— Ничего не было бы удивительного, если бы стрелки и меня забаллотировали и выгнали из полка… вместе с кучей бесчестных офицеров. При отступлении из-под Риги с нашим полком случилась загадочная история, которая довела и без того озлобленных стрелков до состояния безумной ярости. Командир полка был ранен и в тот момент находился в полевом госпитале, его замещал некий капитан. То ли умышленно, то ли из-за неумелого командования — вероятнее всего последнее — наш полк заблудился в видземских лесах и едва не попал в плен к немцам. Когда стрелки стали намекать на предательство командования, капитан вдруг точно в воду канул, оставив полк на произвол судьбы. А тем временем немецкие войска окружили полк с трех сторон. Весть об этом дошла до старого полковника. Покинув госпиталь, он вместе с каким-то крестьянином на мужицкой подводе примчался в полк. Крестьянин был хорошо знаком с местностью и по лесным тропинкам вывел полк в безопасное место. Ничего плохого не случилось, но с того момента пропасть между стрелками и офицерами стала еще глубже. Кандидатуру каждого офицера ставили на голосование. Тех, кого сочли враждебными революции, немедленно арестовали. Половину забаллотировали и отставили от командных должностей. Меня это не коснулось, я еще две недели после этого командовал своим батальоном на участке фронта между берегом Рижского залива и Цесисом. Там меня и ранило в третий раз. Ранение оказалось не тяжелым и не опасным, но я потерял много крови. Врачебная комиссия предоставила мне трехмесячный отпуск. Когда этот срок пройдет, мне надо явиться на комиссию. А сейчас я могу делать, что хочу, и ехать хоть на Камчатку.
— А погоны? — не удержалась Эльза.
— Я сам их снял. Многие это теперь делают.
— А как ты нас нашел? — поинтересовался Янка.
— У одного командира отделения из моего батальона в этом имении живут родители. Отец приехал навестить сына — тут ведь не бог весть какое расстояние, всего тридцать километров. Он упомянул о каких-то Зитарах с побережья, приехавших сюда в начале сентября. Я сразу решил, что это вы.
Вечером вся семья долго совещалась. Все хотели знать мнение Карла: оставаться ли здесь на зимовку или эвакуироваться в глубь России? Карл высказался за отъезд.

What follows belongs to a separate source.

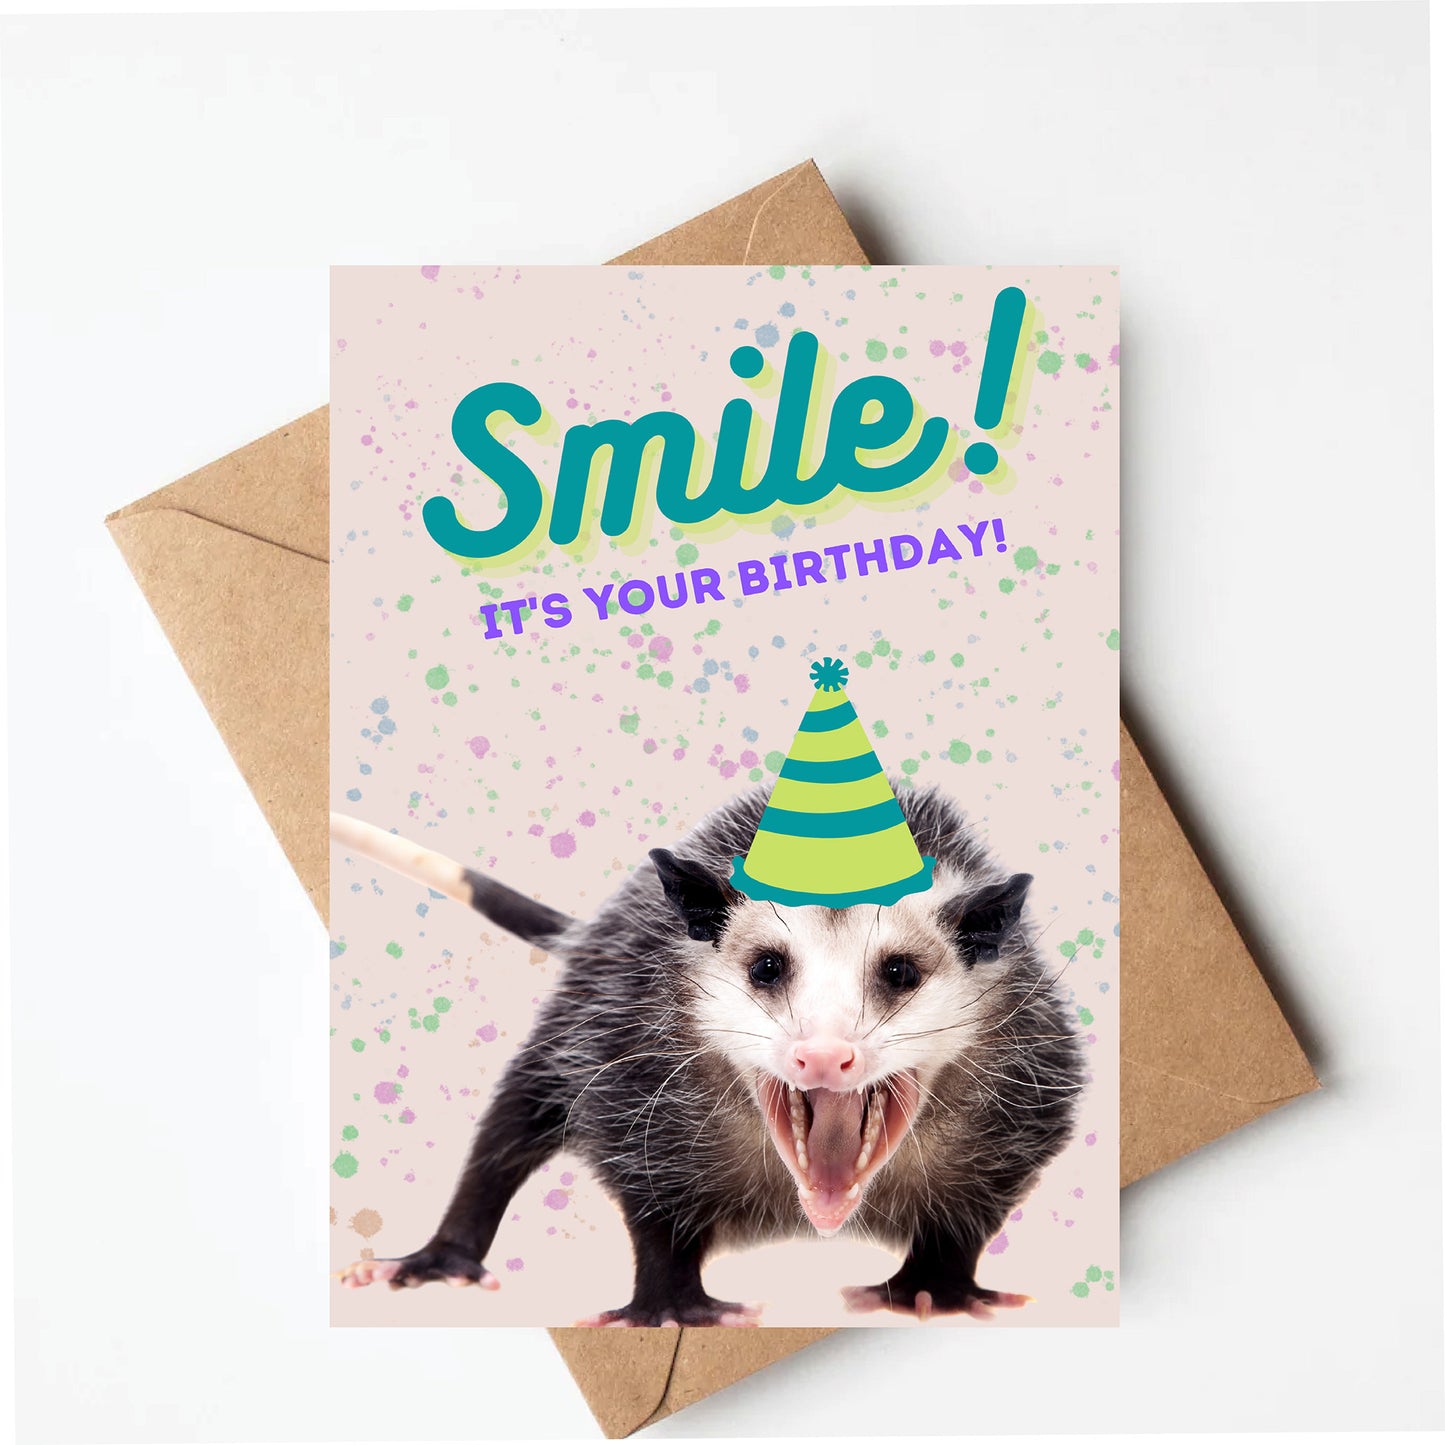 Possum birthday card

— Конечная цель немецкой армии ни в коем случае не Лимбажи или Рауна. Она попытается промаршировать до Петрограда. Надо думать, что Керенский облегчит нашим противникам достижение этой цели так же, как помог… занять Ригу.
— Керенский? Ты думаешь, что он… — у капитана Зитара не хватило мужества произнести страшное слово «предатель».
— Чего там думать?.. — Карл пожал здоровым плечом. — Это и слепому видно. А мы не слепые. Если сопоставить события в Петрограде и у нас в Риге, до ее падения, становится ясно: Керенский своей армии — если вообще русскую армию можно назвать его армией — боится больше, чем войск Вильгельма. Нечего раздумывать, надо уезжать, пока еще не началась зима.
На следующее утро он встретился с Сармите. Днем позже капитан Зитар вместе с Карлом и Сармите сели в поезд и поехали в Валмиеру зарегистрироваться в эвакуационном отделе. Они записались в эшелон беженцев, который через неделю отправлялся на восток. Конечной целью путешествия они избрали Владивосток.
Капитан и Сармите на следующий день возвратились в имение, и обе семьи принялись собираться в дальнюю дорогу, а Карл остался в Валмиере, чтобы привести в порядок свои дела в военных органах и получить необходимые документы.
Неделю спустя, продав вещи, которые нельзя было взять с собой, Зитары и Валтеры уехали в Валмиеру, где их ожидал Карл.
Они садились в вагон дождливым, хмурым осенним днем. Город был наводнен солдатами и беженцами. Всюду чувствовалась настороженность и тревога, на всех лицах ясно можно было прочесть один вопрос: что же теперь будет? Армия распадалась. На станции и по улицам скитались кучки дезертиров, с юга грозили немецкие войска. И растерянный народ не находил ответа на свои сомнения.
Поздно вечером поезд тронулся. Несколько сот латышей направлялось на восток, навстречу чужбине. Они ехали в богатый край, где в горах лежат драгоценные золотые крупинки, где в густых зарослях тайги шумят кедры и со снежных горных вершин сбегают великие северные реки. В богатые степи и девственные леса двинулся изгнанный народ. Но не слышалось песен, не звучал здесь смех. Мрачен был взгляд обездоленных людей в этот дождливый осенний вечер.